Prof. Christopher Goodnow

Australia Executive Director, Garvan Institute of Medical Research

Professor Goodnow holds The Bill and Patricia Ritchie Foundation Chair as Head of the Immunogenomics laboratory, a NHMRC Senior Principal Research Fellow, and is Professor and Director of the Cellular Genomics Futures Institute at UNSW Sydney.

With an American father and Australian mother, Professor Goodnow grew up in Washington DC before moving to Sydney as a teenager. He trained in veterinary medicine and surgery, immunochemistry and immunology at the University of Sydney and in DNA technology at Stanford University. After doctoral studies begun at the Walter and Eliza Hall Institute in Melbourne and performed at Sydney University, he joined the faculty of Stanford University Medical School and the Howard Hughes Medical Institute in 1990. There he established the concept of multiple immune tolerance checkpoints, a framework now widely used in cancer treatment with “checkpoint inhibitors”, and revealed the function of key genes in these checkpoints including FAS, CD86, PTPN6/SHP1, and later AIRE.

To pioneer genome-wide analysis of the DNA sequences controlling the immune system, he joined the faculty at the Australian National University in 1997 as Professor and founding Director of the Medical Genome Centre, leading its development into a major national research facility, the Australian Phenomics Facility. That effort revealed critical, entirely unknown functions of fourteen essential genes controlling the immune system, including CARD11, ROQUIN1, HNRNPLL, THEMIS, DOCK8, ATP11C, SPPL2A, ZFP318, GSDMD and ETAA1, as well as four previously obscure genes in neurodegeneration and infertility.

Professor Goodnow joined Garvan in 2015 as Deputy Director and to translate genomic DNA sequence analysis of the human immune system into understanding the cause of immune disorders and developing more effective, personalised treatments. In his time at Garvan, he has forged a close partnership between Garvan and Israel’s Weizmann Institute of Science, and has overseen the development of the multi-million dollar Garvan-Weizmann Centre for Cellular Genomics, the only multidisciplinary centre of its kind in the southern hemisphere. He was key to the development of CIRCA (Clinical Immunogenomics Research Consortium Australia), a Garvan-led national initiative that seeks to diagnose, understand and treat individuals with rare immune disorders through a combination of genomic DNA sequencing, clinical expertise and biomedical research.

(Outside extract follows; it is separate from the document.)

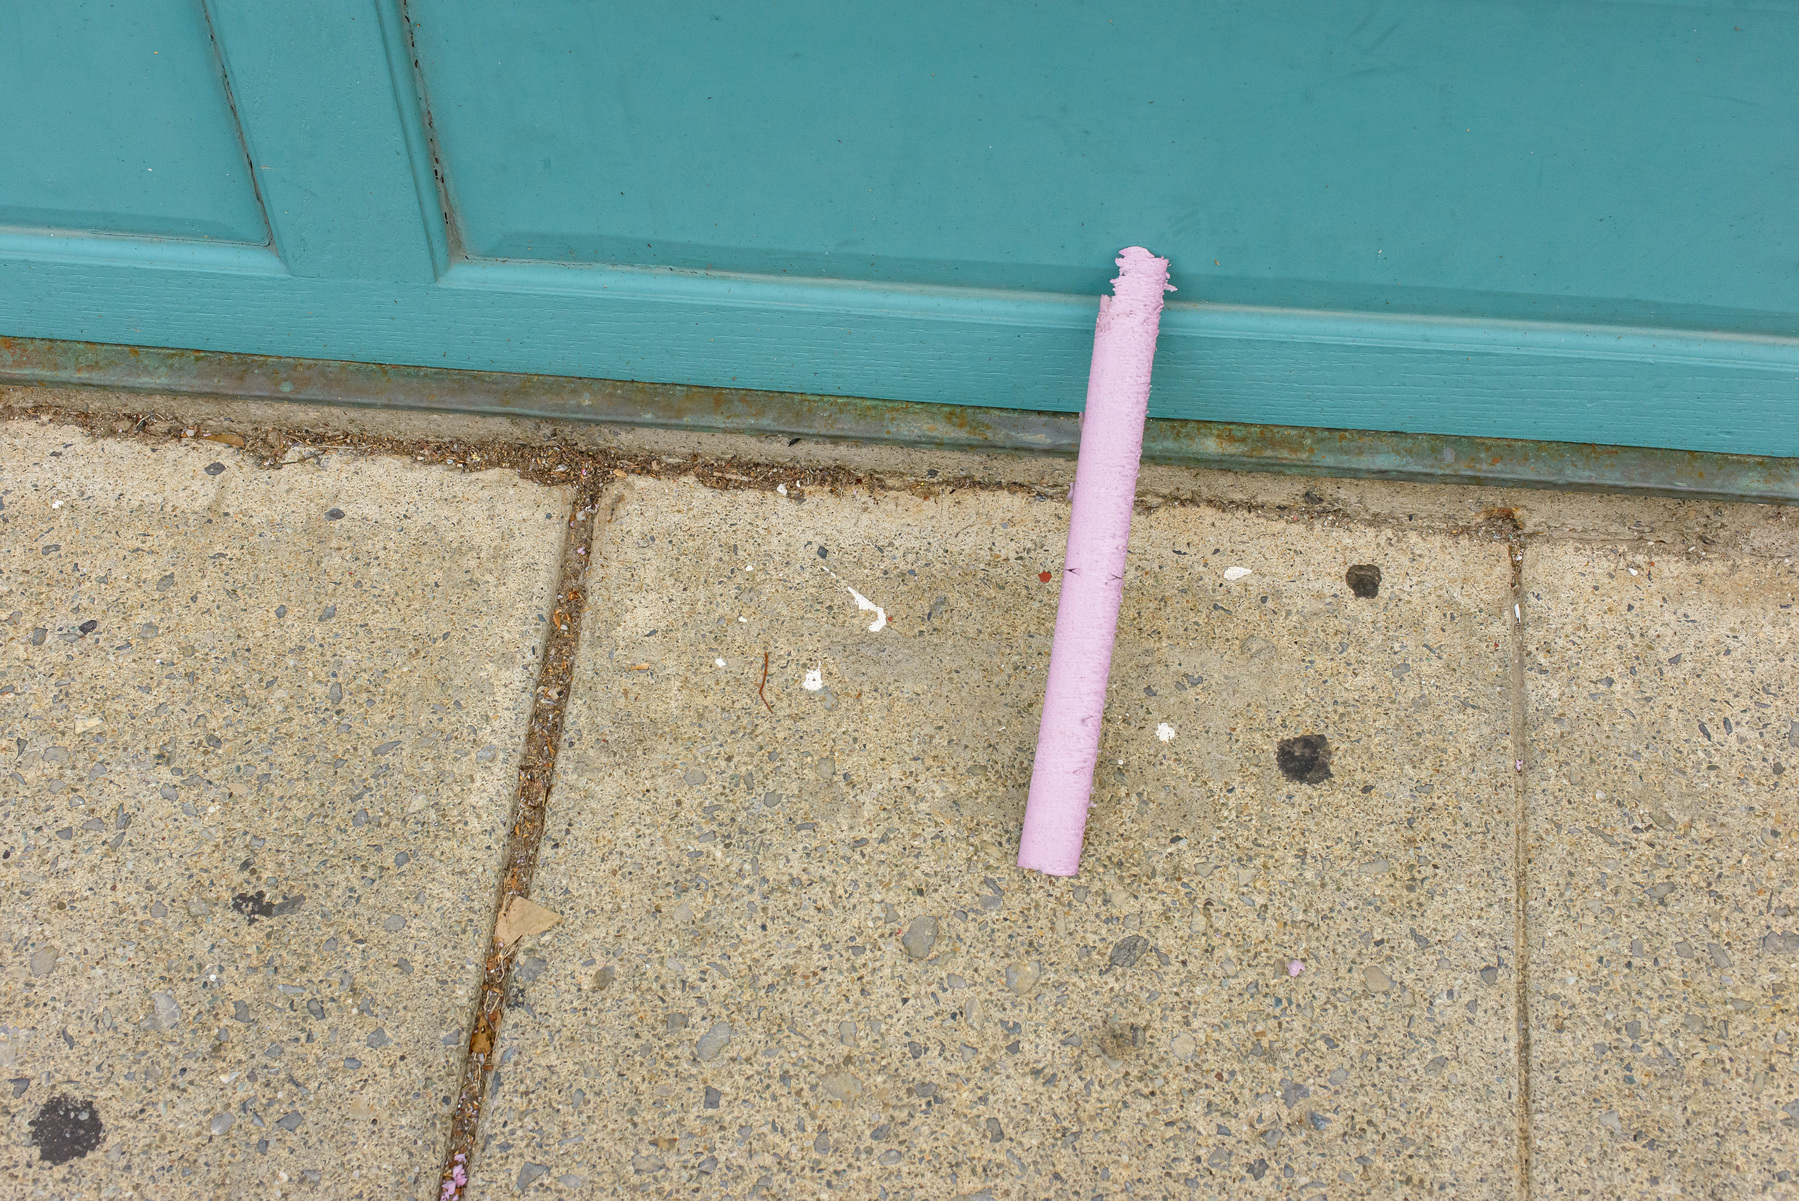 piece of pink tubular debris leaning against a blue/gray wall and the concrete sidewalk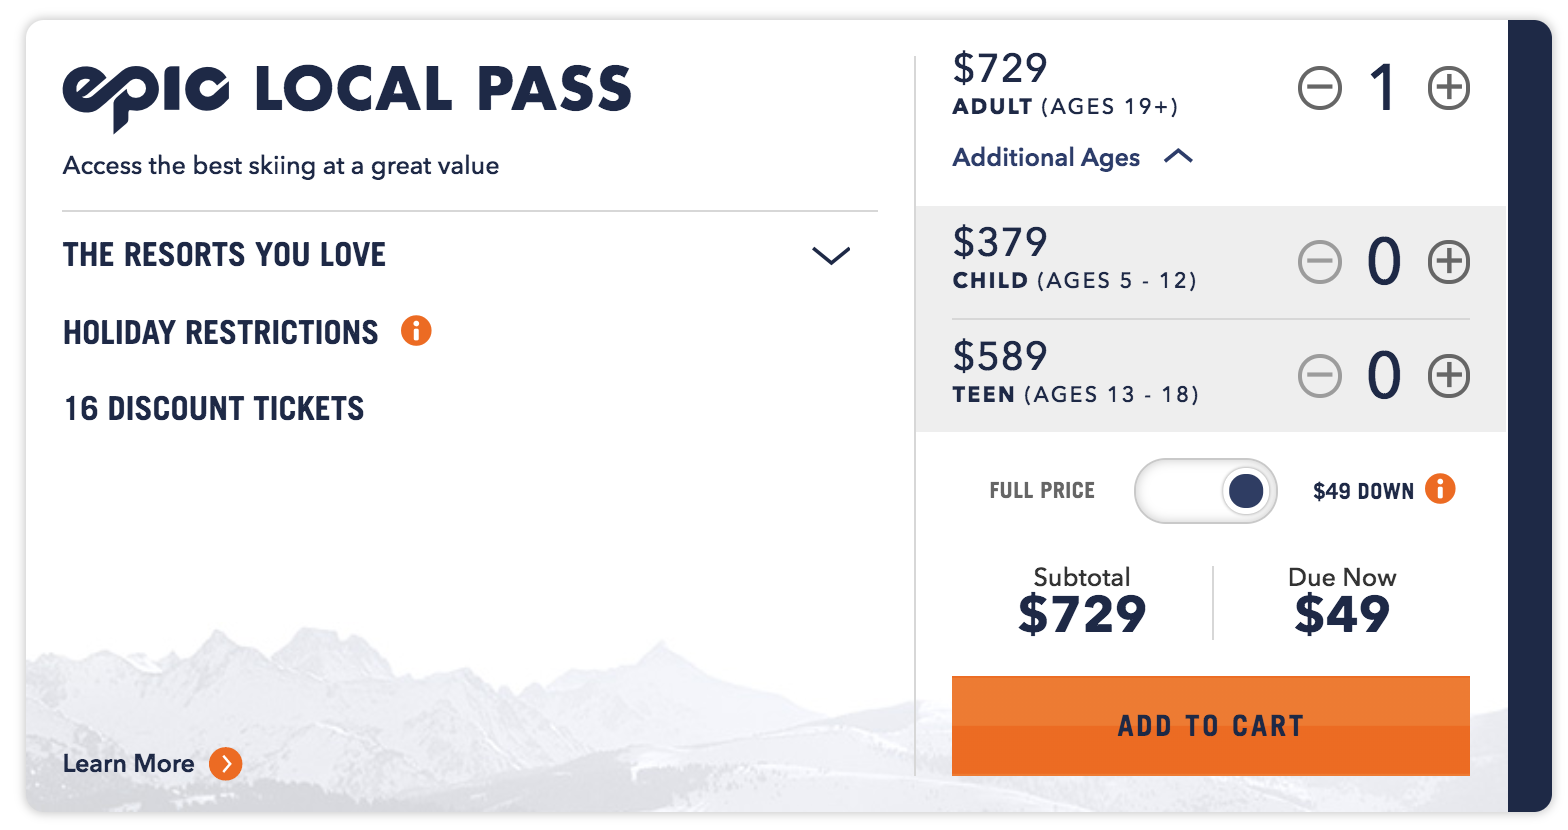 Epic pass 2021 provides many different options

Professor Goodnow is now leading Hope Research – a transformative research program that is an initiative of the Garvan-Weizmann partnership and is supported by The Bill and Patricia Ritchie Foundation. Hope Research aims to uncover a common cause for all autoimmune disease, which include more than 100 different diseases that collectively affect one in eight people. Using single cell DNA sequencing, Professor Goodnow and his team are tracking down and identifying the ‘rogue’ immune cells in the blood of adults with 36 autoimmune diseases, which drive the immune system to attack parts of the body.

Professor Goodnow’s research contributions have been recognised by numerous awards, including the American Association of Immunologists (AAI) Pharmingen Investigator Award, AAI Distinguished Lecturer, Australasian Society for Immunology Burnet Orator, Gottschalk Medal, Health Minister’s Prize, Centenary Medal, Ramaciotti Medal, GSK Award for Research Excellence, William E. Paul Award. He is a Fellow of the Australian Academy of Science, Fellow of the Royal Society (UK), and Member of the US National Academy of Sciences. He was President of the Australasian Society for Immunology in 2015-2016.

Beyond his research endeavours, Professor Goodnow enjoys spending time with his family and surfing at Sydney’s Manly Beach and on the NSW South Coast. Surfing has been a passion since Professor Goodnow’s school days, and he is well known in surfing circles for leading a 1980 expedition discovering the now-famous breaks in Indonesia’s remote Mentawai Islands.